- Church: Episcopal Church
- Diocese: South Florida
- Elected: May 23, 1956
- In office: 1956–1961
- Predecessor: Martin J. Bram
- Successor: William L. Hargrave

Orders
- Ordination: February 1925 by Henry J. Mikell
- Consecration: October 18, 1956 by Henry Knox Sherrill

Personal details
- Born: February 6, 1898 Atlanta, Georgia, United States
- Died: July 31, 1961 (aged 63) London, England
- Denomination: Anglican
- Parents: Frank Hamilton Moses & Cora Mina Thibadeau
- Spouse: Cornelia Chaffee
- Children: 3

= William F. Moses =

American prelate of Episcopal church

William Francis Moses (February 6, 1898 - July 31, 1961) was an American prelate of the Episcopal Church, who served as Suffragan Bishop of South Florida from 1956 till 1961.

==Early life and education==
Moses was born on February 6, 1898, in Atlanta, Georgia, the son of Frank Hamilton Moses and Cora Mina Thibadeau.
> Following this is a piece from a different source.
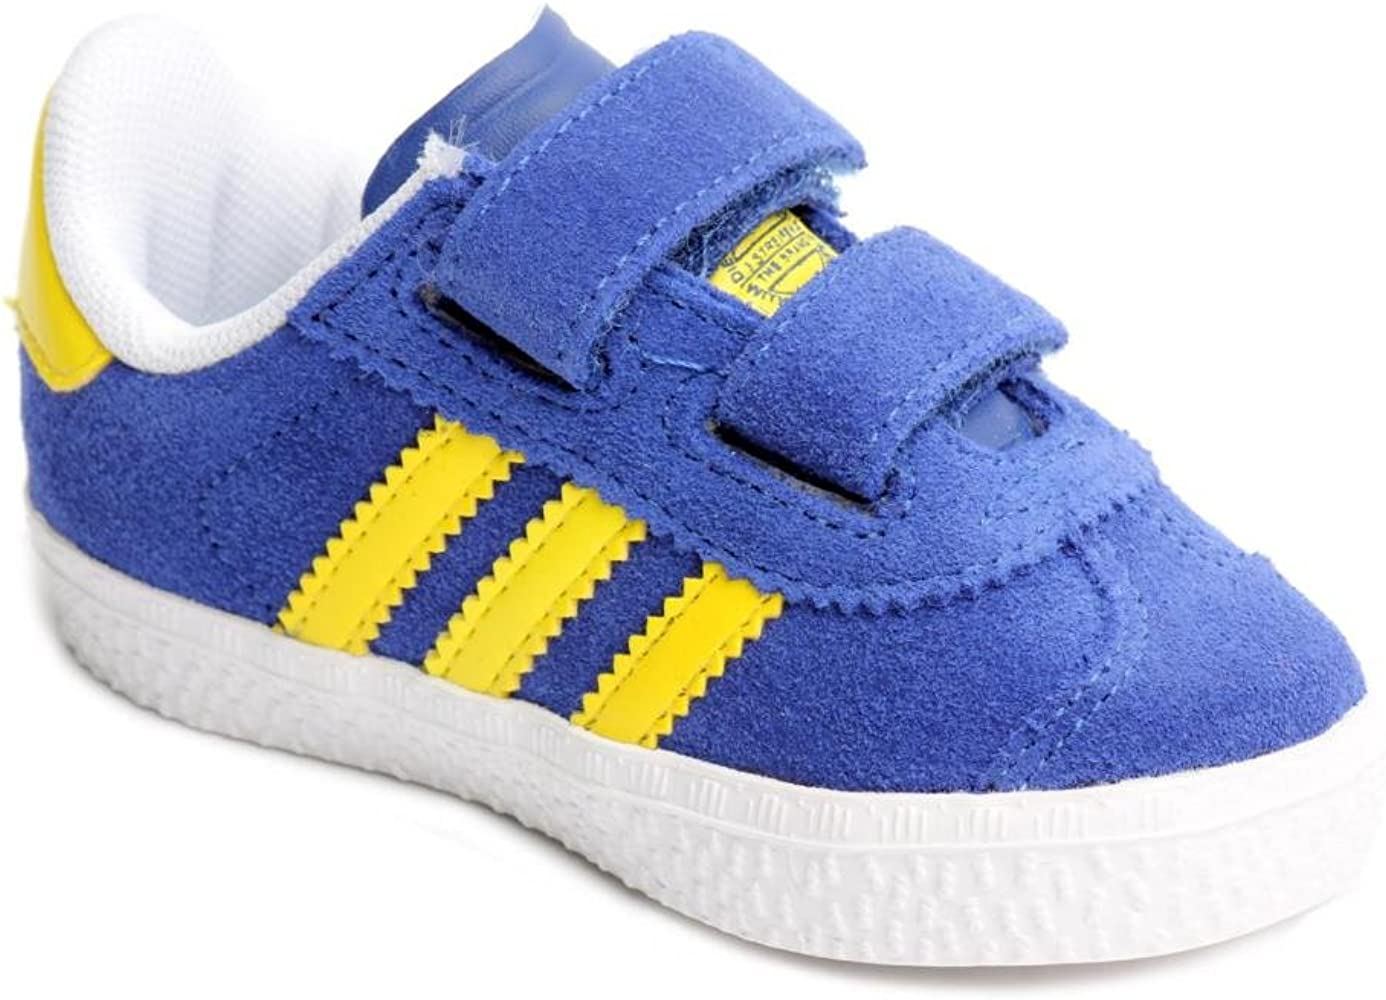 Amazon.com: adidas Gazelle 2 CF I Infant / Toddlers / Baby Shoes ...

He was educated at the public high school of Atlanta and then at the Georgia School of Technology. On April 2, 1923, he married Cornelia Chaffee, and together had three children. In 1924, he graduated in theology from the University of the South, and was awarded a Doctor of Divinity by the same university in 1956.

==Ordained ministry==
Moses was ordained deacon in June 1924 and priest in February 1925 by Bishop Henry J. Mikell of Atlanta. He was in charge of the Church of St James in Cedartown, Georgia, and of the Church of the Ascension in Cartersville, Georgia, between 1924 and 1929. From 1929 till 1930, he served as priest-in-charge of Grace Church in Sheffield, Alabama, and St John's Church in Tuscumbia, Alabama. In 1930, he became rector of All Saints' Church in Lakeland, Florida, a post he retained till 1952. From 1952 till 1956, he was rector of the Church of the Redeemer in Sarasota, Florida.

==Suffragan Bishop==
On May 23, 1956, Moses was elected Suffragan Bishop of South Florida during a diocesan convention, and was consecrated on October 18, 1956, in the Church of the Redeemer in Sarasota, Florida, by Presiding Bishop Henry Knox Sherrill. Bishop Moses' episcopacy was short lived like his predecessor's, after suffering a heart attack on July 26, 1961, during a trip to England. He died in a London hospital on July 31, 1961.